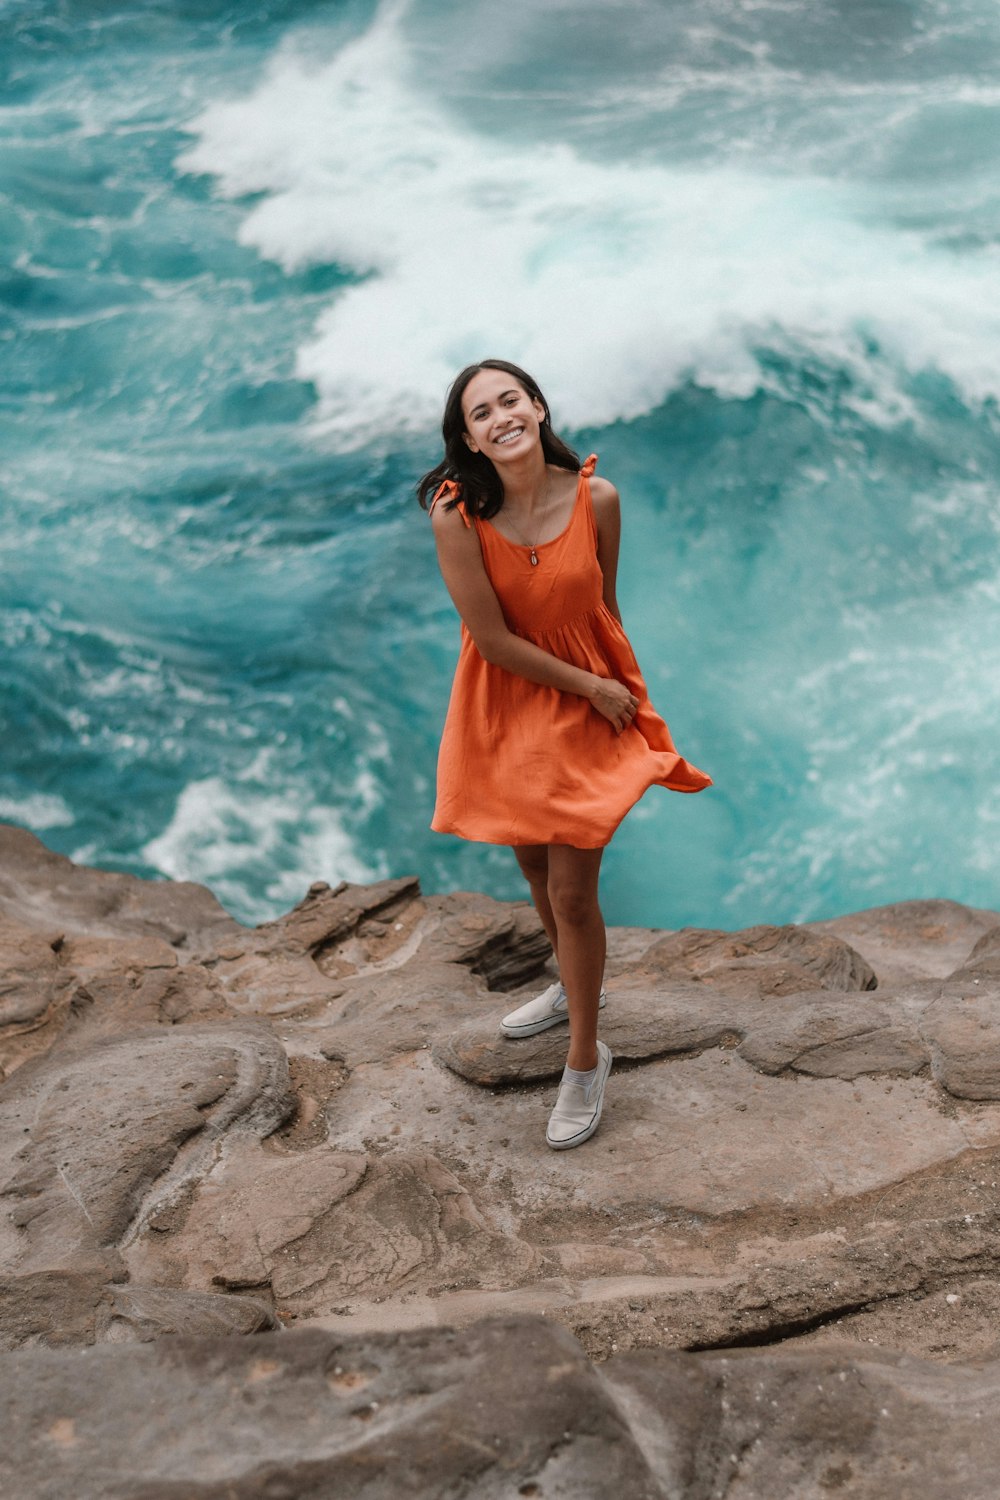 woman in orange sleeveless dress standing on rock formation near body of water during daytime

--

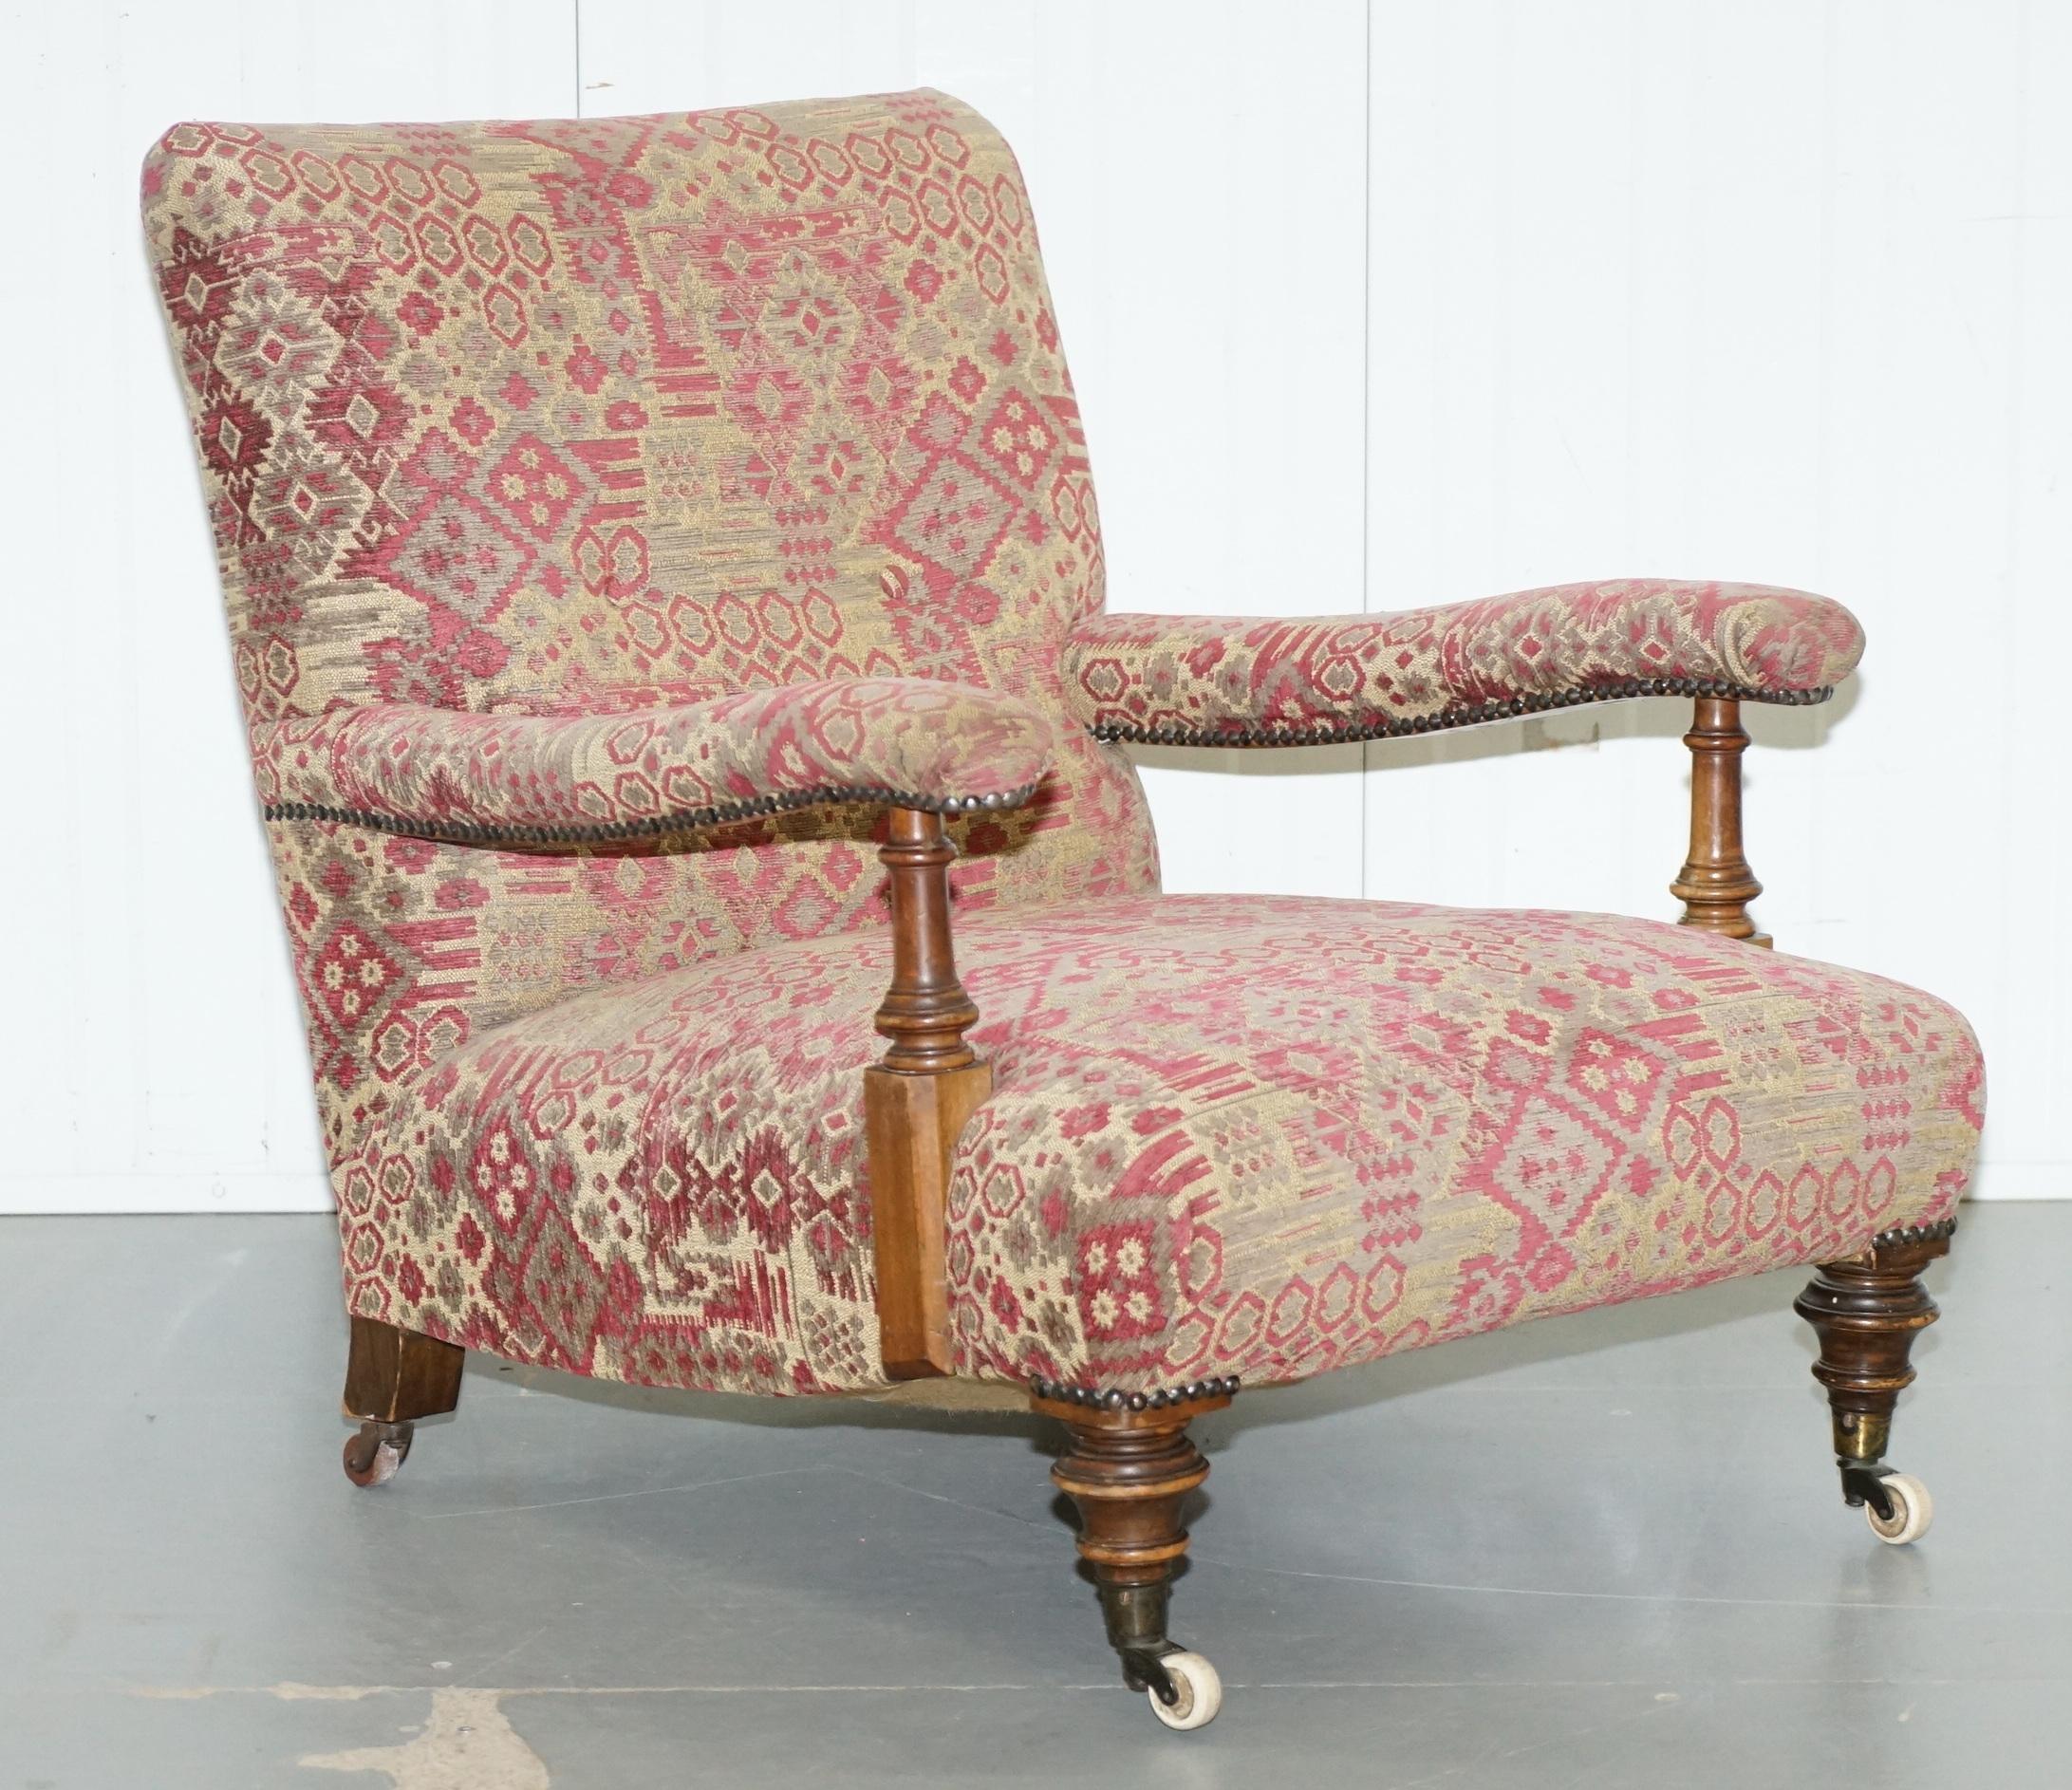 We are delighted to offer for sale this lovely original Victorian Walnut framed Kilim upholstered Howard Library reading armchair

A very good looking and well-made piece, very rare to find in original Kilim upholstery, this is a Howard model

--

## Aim of the task
Working from the entries above, please transcribe only the lines from the line with "We are delighted" through the line with "A very good", exactly, with both end lines and without pictures.

## Your response
 We are delighted to offer for sale this lovely original Victorian Walnut framed Kilim upholstered Howard Library reading armchair

A very good looking and well-made piece, very rare to find in original Kilim upholstery, this is a Howard model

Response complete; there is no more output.